» **Extracted material**

= = = = =

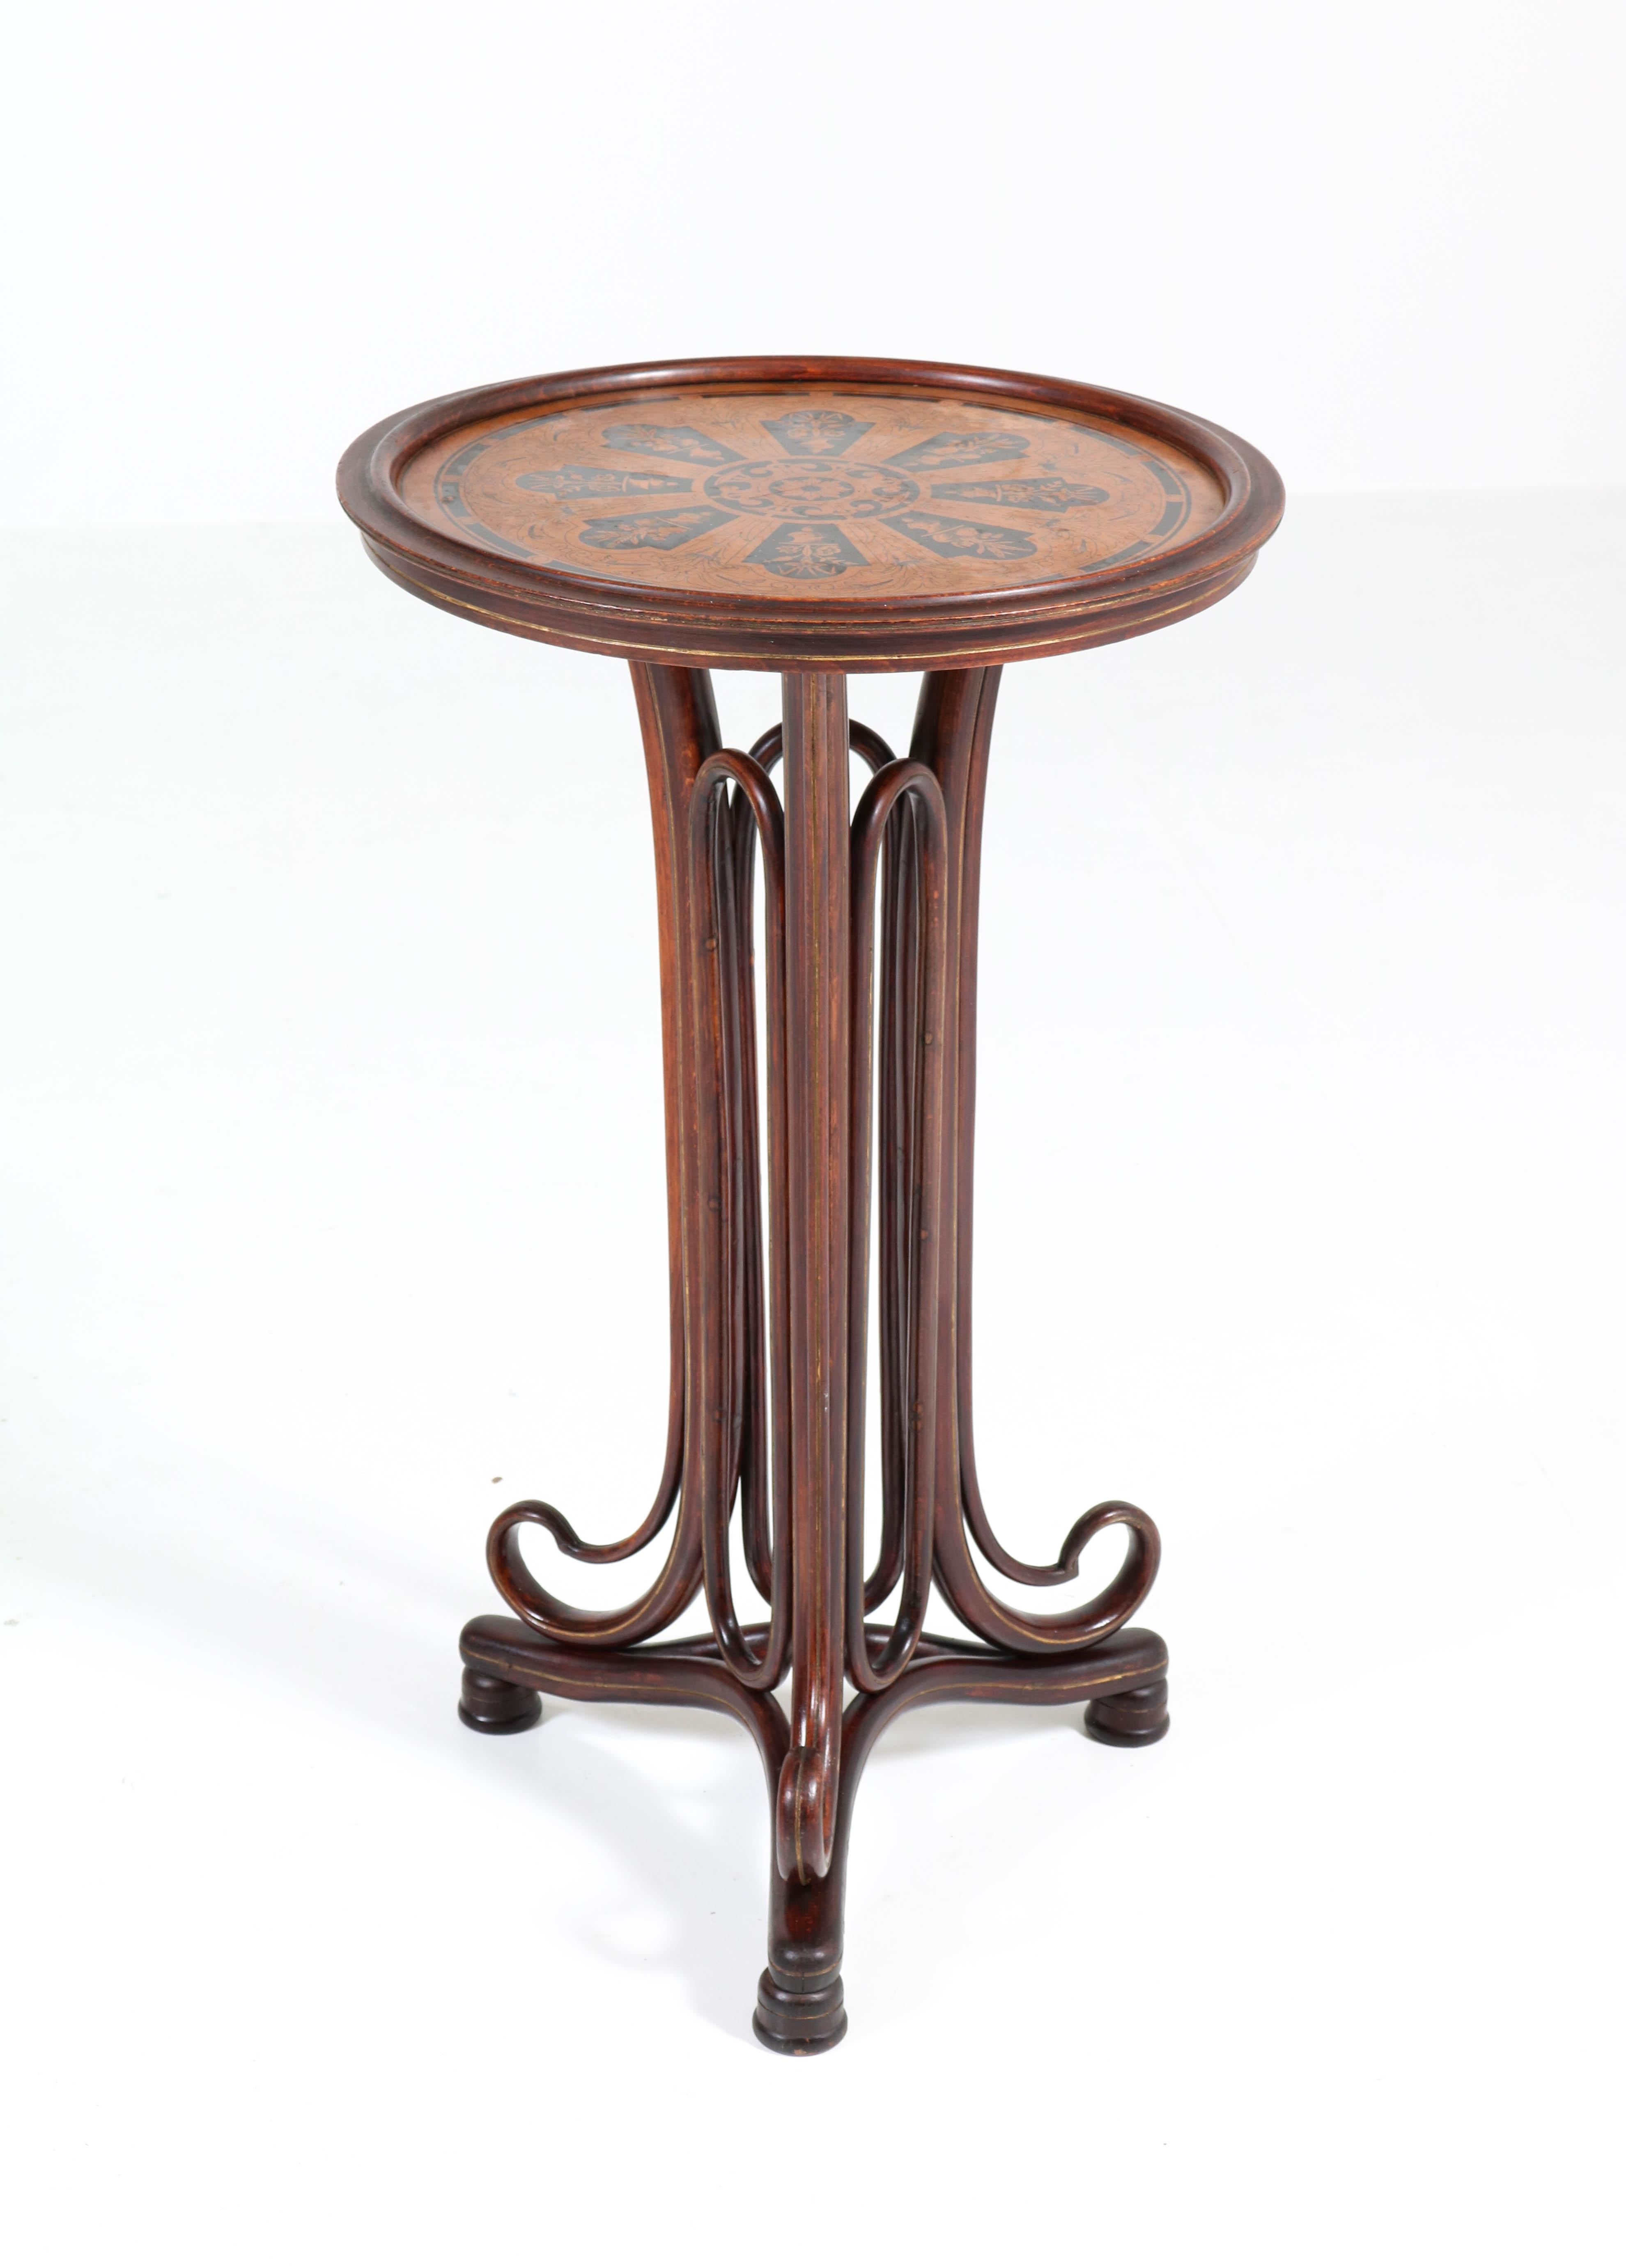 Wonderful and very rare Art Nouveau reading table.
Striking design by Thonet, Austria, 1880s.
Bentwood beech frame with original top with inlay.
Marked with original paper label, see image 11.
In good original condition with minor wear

= = = = =

» **What is needed**
The reply must consist solely of the lines from the one containing "Marked with original" through the last line in the material above, reproduced exactly.

» **Final answer**
Marked with original paper label, see image 11.
In good original condition with minor wear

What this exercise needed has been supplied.